Stage Advantage Pipeline

This module implements a pipeline for training an Advantage Estimator and using it in Advantage-Weighted Behavior Cloning (AWBC).

Pipeline Overview

 ┌──────────────────────────────────────────────────────────────────────────┐
 │  Step 0: Annotate stage_progress_gt (manual)          │
 │  Label subtask boundaries and per-frame stage progress in parquets       │
 ├──────────────────────────────────────────────────────────────────────────┤
 │  Step 1: Train Advantage Estimator (scripts/train_pytorch.py)            │
 │  Fine-tune pi0 model to predict advantage from observations              │
 ├──────────────────────────────────────────────────────────────────────────┤
 │  Step 2: Predict Advantage (annotation/eval.py)                          │
 │  Use trained estimator → parquets with absolute_advantage / relative_adv │
 ├──────────────────────────────────────────────────────────────────────────┤
 │  Step 3: Discretize Advantage (annotation/discretize_advantage.py)       │
 │  Bin advantages into positive/negative → task_index + tasks.jsonl        │
 ├──────────────────────────────────────────────────────────────────────────┤
 │  Step 4: AWBC Training (scripts/train.py pi05_*_awbc)                    │
 │  Train policy with advantage-weighted behavior cloning (prompt_from_task) │
 └──────────────────────────────────────────────────────────────────────────┘

End-to-end order for AWBC: Step 0 → Step 1 → Step 2 → Step 3 → Step 4.

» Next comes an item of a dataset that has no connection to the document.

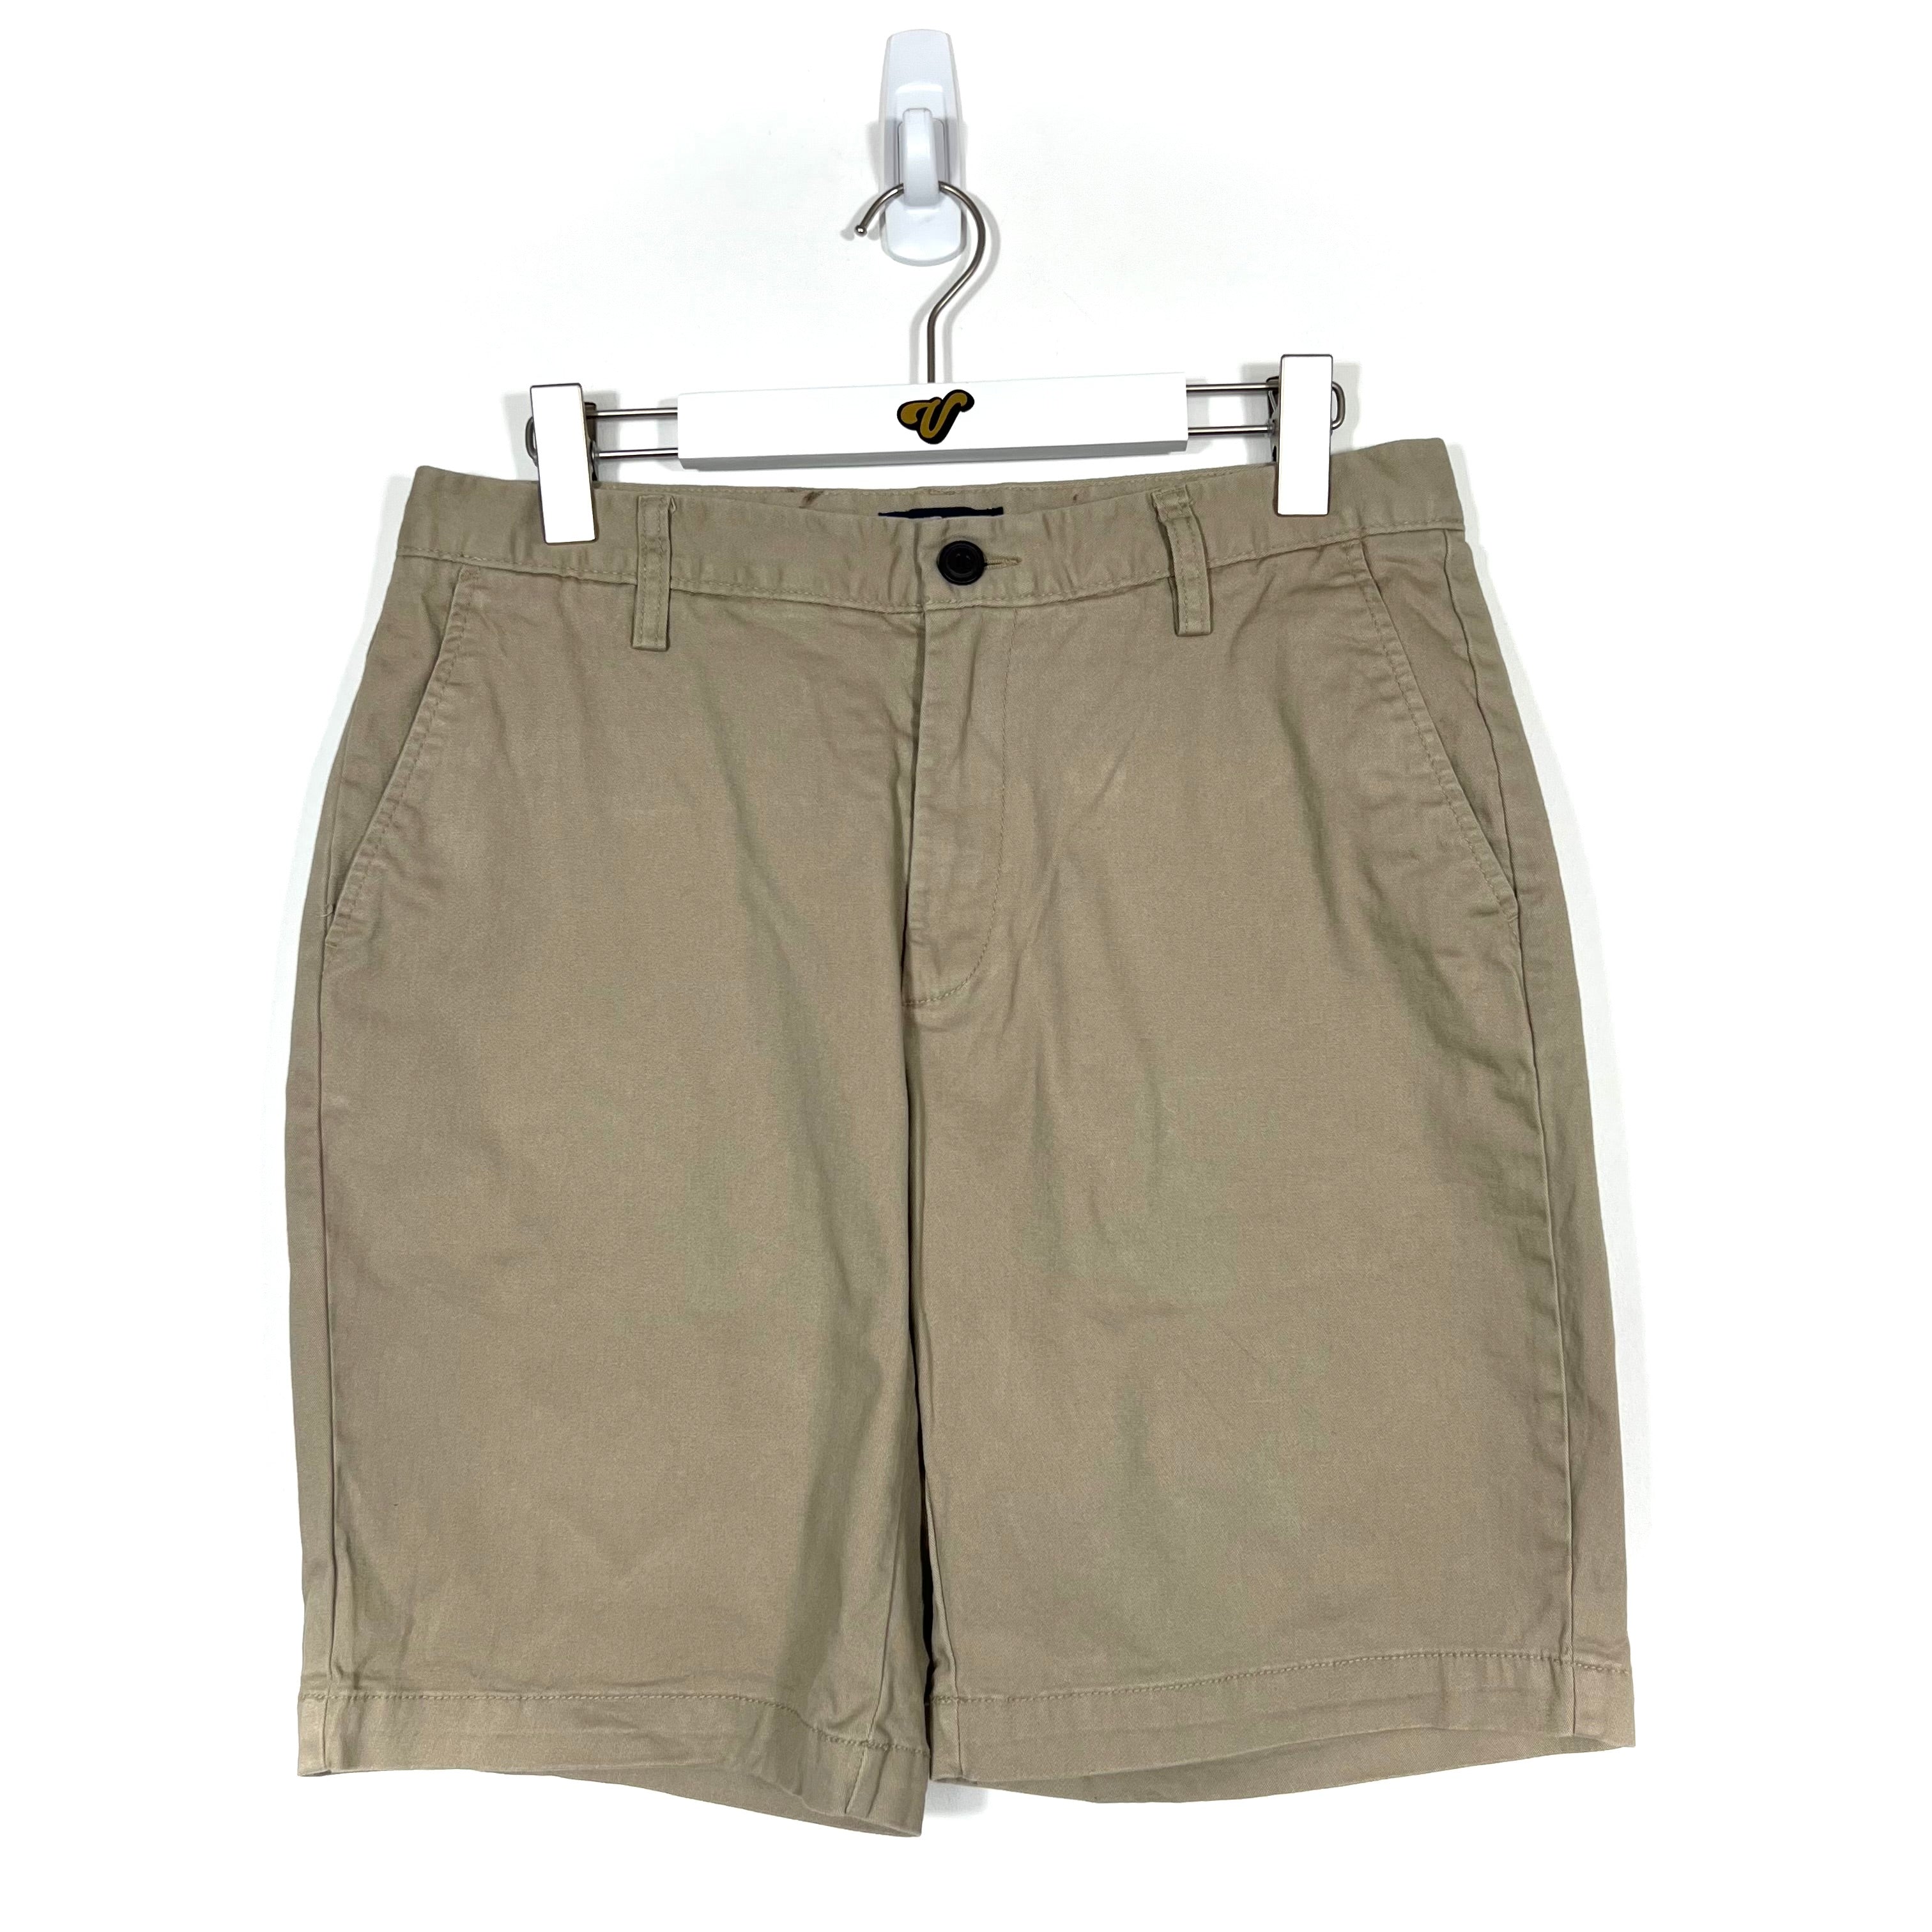 Nautica Chino Shorts - Men's 32

Pre-annotated data: The released dataset includes Task_A/advantage/, a fully annotated advantage dataset that can be used directly for AWBC training (Step 4) without running Step 0–3. It is available in both the Hugging Face and ModelScope dataset repos. After downloading (e.g. via scripts/download_dataset.py), set the AWBC config repo_id to the local path (e.g. <repo_root>/data/Task_A/advantage) and run training.

Step 0: Annotate `stage_progress_gt` (manual)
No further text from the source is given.